» DATA IN THIS EXERCISE
════

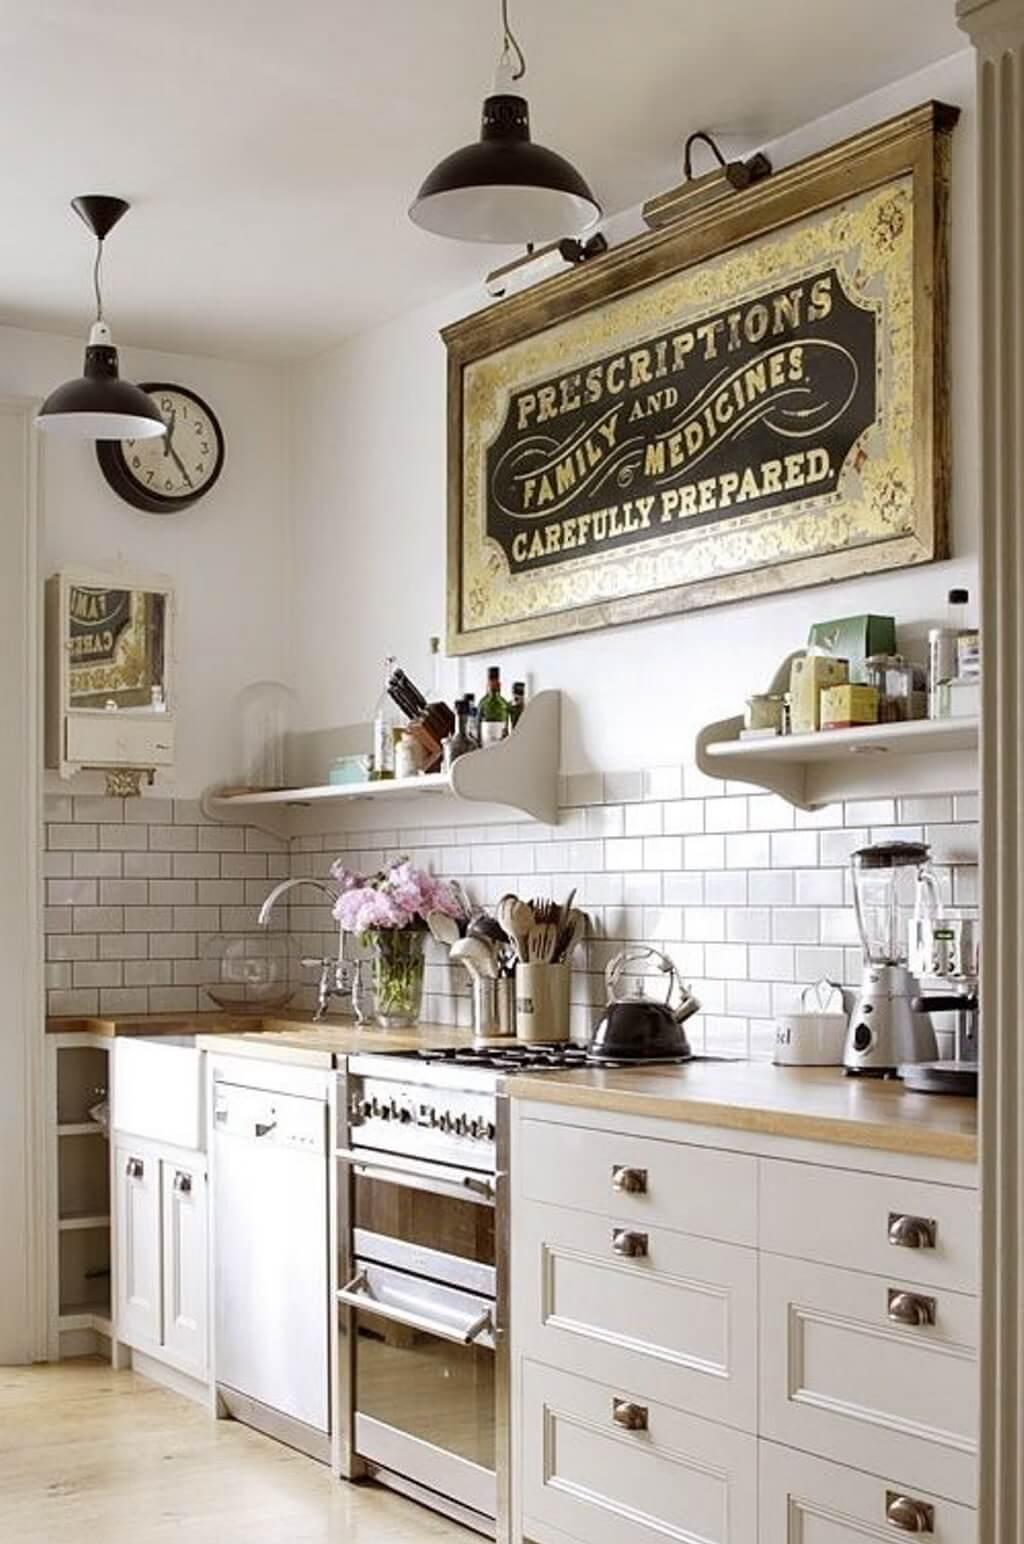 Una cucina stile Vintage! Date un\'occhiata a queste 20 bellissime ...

════

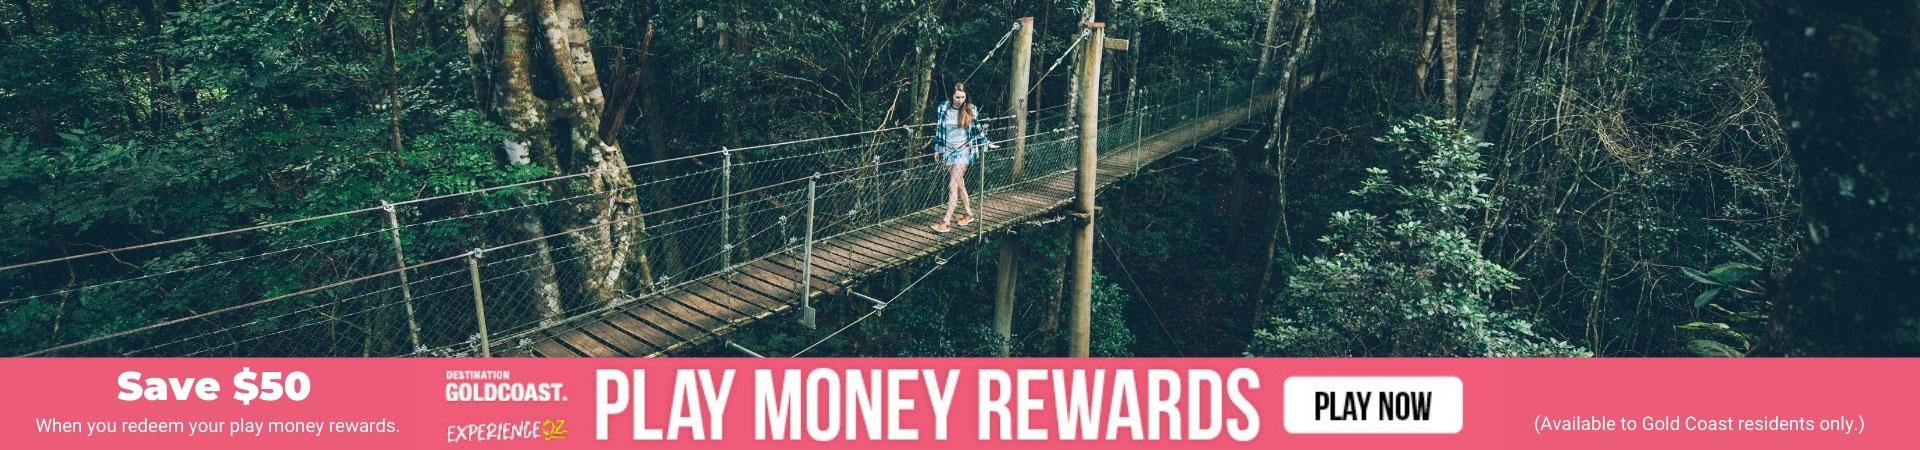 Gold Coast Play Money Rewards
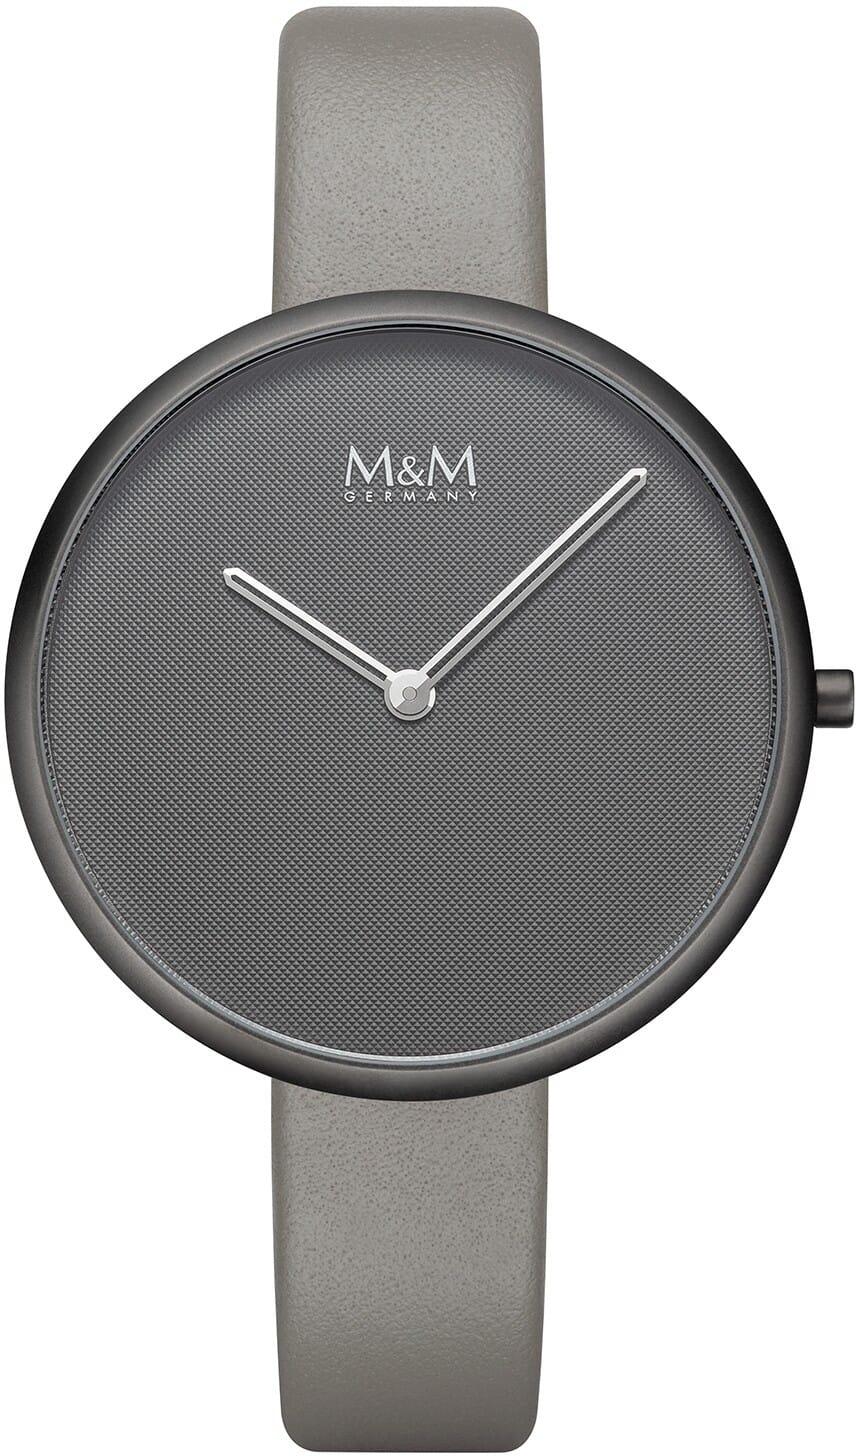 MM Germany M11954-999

════

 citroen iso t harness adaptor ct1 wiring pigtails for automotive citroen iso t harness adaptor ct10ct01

════

» TRY IT
Everything from the line with "Gold Coast Play Money Rewards" down to the line with "MM Germany M11954-999" in the data above should be copied exactly, with both end lines kept and the pictures left out.

» RESULT FOR THIS TASK
 Gold Coast Play Money Rewards
 MM Germany M11954-999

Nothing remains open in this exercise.